12. Screenshots are at exact store dimensions. App Store Connect rejects uploads that are off by one pixel. Check yours against the screenshot size calculator, or generate them at spec in the screenshot generator and skip the resizing entirely.

13. The set tells a story in order. Hook, proof, features, social proof. A random feature dump reads like a random feature dump. Reorder before you redesign; it's free.

14. Icon is legible at 60px and doesn't look like your top competitor's. Search results show you next to them. If a user can't tell you apart, the one with more ratings wins by default.

15. Localize screenshots for your top non-English markets. Translated captions on your existing designs, not new designs. Localized visuals routinely lift conversion double digits in those storefronts; our localization guide covers which markets pay back first.

Part 4: Ratings, reviews, and iteration (where most teams stop, and shouldn't)

16. Prompt for a rating after a success moment, never at first open. After the user completes the thing your app exists for (finishes a workout, exports a file), that's the moment. Apple gives you three prompts a year per user; don't waste them on someone who hasn't gotten value yet.

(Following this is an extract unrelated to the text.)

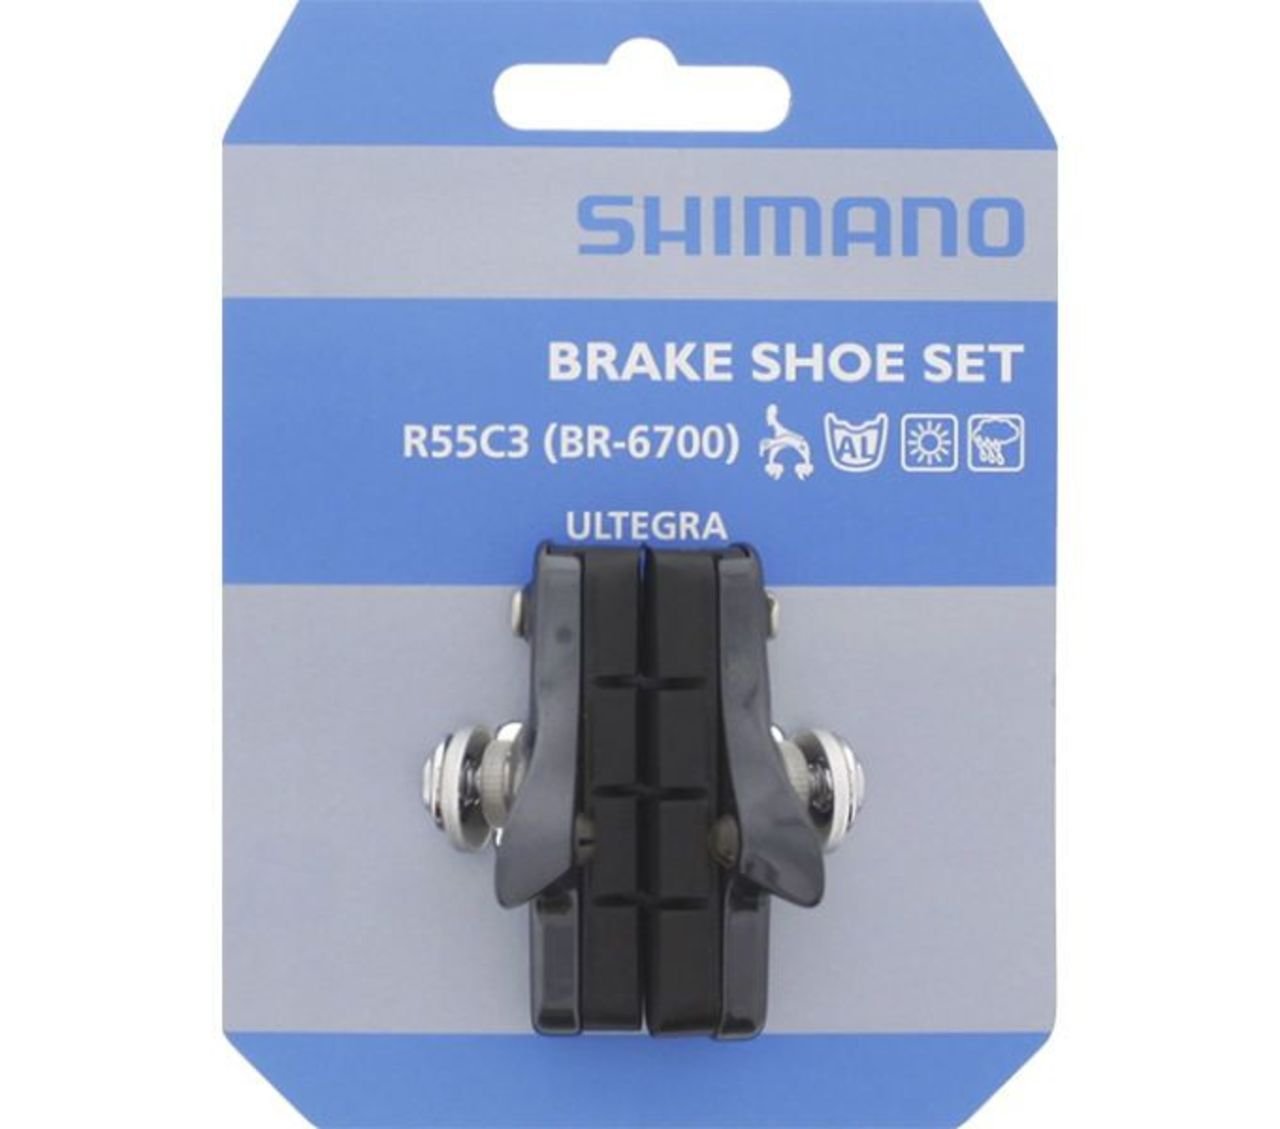 Тормозные колодки Shimano, brake pad, R55C3, Cartridge, for BR-6700, for aluminium rim, 1 pair, A154773 тормозные колодки велосипедные shimano brake pad r55c for ceramic rims dura ace ultegra a116833

17. Reply to your negative reviews. Replies are public, they occasionally flip a 1-star to a 4-star, and browsing users read them as a signal that someone is home.

18. Track your keyword ranks weekly. ASO without rank tracking is guessing. Pin your shortlist in a rank tracker and check the weekly movement; it tells you whether step 5-7 actually indexed.

19. Re-run keyword research 7-14 days after every metadata change. Apple needs time to re-index. Confirm your targeted terms moved, and look for bonus terms Apple indexed you on that you weren't targeting; those are free intelligence for the next iteration.

20. Iterate one variable at a time, every 4-6 weeks. Change the subtitle OR the first screenshot, not both, or you won't know which change moved the number. Apple's Product Page Optimization lets you A/B test screenshots natively.

The one-afternoon version

If you only have three hours: do steps 1, 3, 5-7, 10, and 12. Keyword research, one head term, the three indexed fields, a captioned first screenshot at correct dimensions. That subset covers roughly 80% of the outcome, and every tool it needs is free.

Run the keyword steps now →

FAQ

What is an ASO checklist? An ASO checklist is an ordered list of the concrete actions that improve an app's store ranking and conversion: keyword research, optimizing the title, subtitle, and keyword field, captioned screenshots at correct dimensions, rating prompts, review replies, and weekly rank tracking. Working through one takes an afternoon and most steps use free tools.

What should I optimize first for ASO? Keywords first, because every other decision depends on them. Research which terms have real demand and reachable difficulty, pick one head term for your title and long-tails for your subtitle and keyword field, then build metadata and screenshots around those choices.

How long does ASO take to show results? Apple typically re-indexes metadata changes within 7-14 days, so rank movement shows inside two weeks. Conversion changes from new screenshots show as soon as the update is live. Compounding results come from iterating every 4-6 weeks, not from a single pass.

Do screenshots affect ASO? Yes, in two ways. Directly, screenshots drive conversion rate, and conversion rate feeds back into ranking. Indirectly, the first screenshot is the largest element a browsing user sees, and most users never scroll past the second one, so captioning the first panel is one of the highest-leverage ASO actions available.

Is ASO a one-time task? No. The initial pass is one afternoon, but rankings shift as competitors update and Apple re-weights terms. Track your keyword ranks weekly and revisit the checklist every 4-6 weeks, changing one variable at a time so you can attribute what moved.